In Coffee’s case, he reportedly shot at Indian River County, Florida Sheriff’s deputies, who has raided his home in 2017.
Coffee testified that he was sleeping when the deputies burst into his Gifford, Florida home looking for his father.
The young man said he did not hear the deputies identify themselves as law enforcement.
He fired at them with a .45-caliber pistol, while allegedly fearing for his life. His 21-year-old pregnant girlfriend, Alteria Woods, was killed in the ensuring crossfire.
At the time, Indian River County Sheriff Deryl Loar accused Coffee of using Woods as a human shield.

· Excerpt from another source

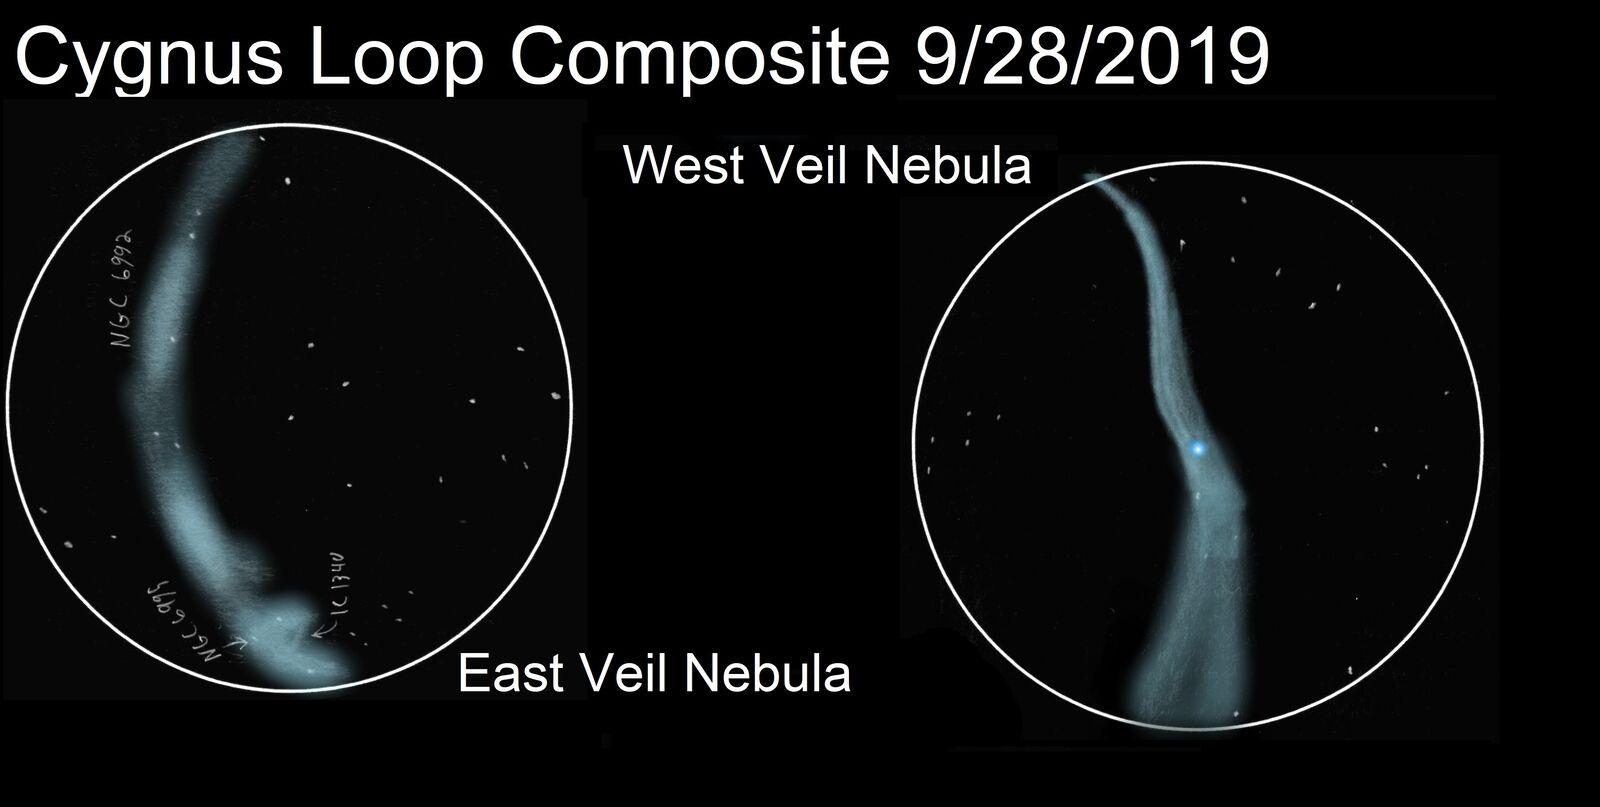 cygnus loop composite

Andrew ‘A.J.”‘Coffee IV (center) seated with his defense lawyers reacts to a jury verdict acquitting him of second-degree felony murder and other felony charges during his trial at the Indian River County Courthouse.
‘He was cowardly using her as protection,’ Loar said.
Inside the Coffee home, investigators allegedly found drugs, including pain pills, crack cocaine and powdered cocaine, along with a stash of firearms.
Coffee was charged with second-degree felony murder in connection to the death of Woods, and three counts of attempted first-degree murder of a law enforcement officer, as well as other charges.
In court, Coffee argued self-defense under Florida’s ‘stand your ground’ law.
‘I was trying to protect me and Alteria and I thought I was doing that,’ Coffee testified.
The jury acquitted him of the murder charges, though he was found guilty of possession of a firearm by a convicted felon.
The Rittenhouse and Coffee cases are not the same, but both defendants, one white and one black, claimed self-defense and got off.
On Wednesday, November 24, a Georgia jury convicted three white men in the February 2020 murder of Ahmaud Arbery.
The defense teams for Travis McMichael, his father Gregory McMichael and their neighbor William “Roddie” Bryan claimed that their clients acted in self-defense, while making a citizen’s arrest.
This photo shows, from left, Travis McMichael, William ‘Roddie’ Bryan, and Gregory McMichael during their trial at at the Glynn County Courthouse in Brunswick, Ga.
Travis McMichael, who shot and killed Arbery, testified that he was at home in Brunswick, Georgia, when his father told him that a suspected burglar had just run past their house.
‘It was obvious that he was attacking me,’ testified Travis McMichael, who confronted Arbery with a loaded shotgun, as the black man tried to run away.
The jury did not buy it.
Each case had its own complex set of circumstances that doubtlessly influenced the jurors. But what these three examples do demonstrate are a range of outcomes, regardless of race, in self-defense trials.
In Kenosha, a white teen claimed self-defense and was found not guilty. In Gifford, a black man claimed self-defense and was acquitted. In Brunswick, three white men were found guilty.
Maybe commentators should not be so quick to convict the U.S. justice system.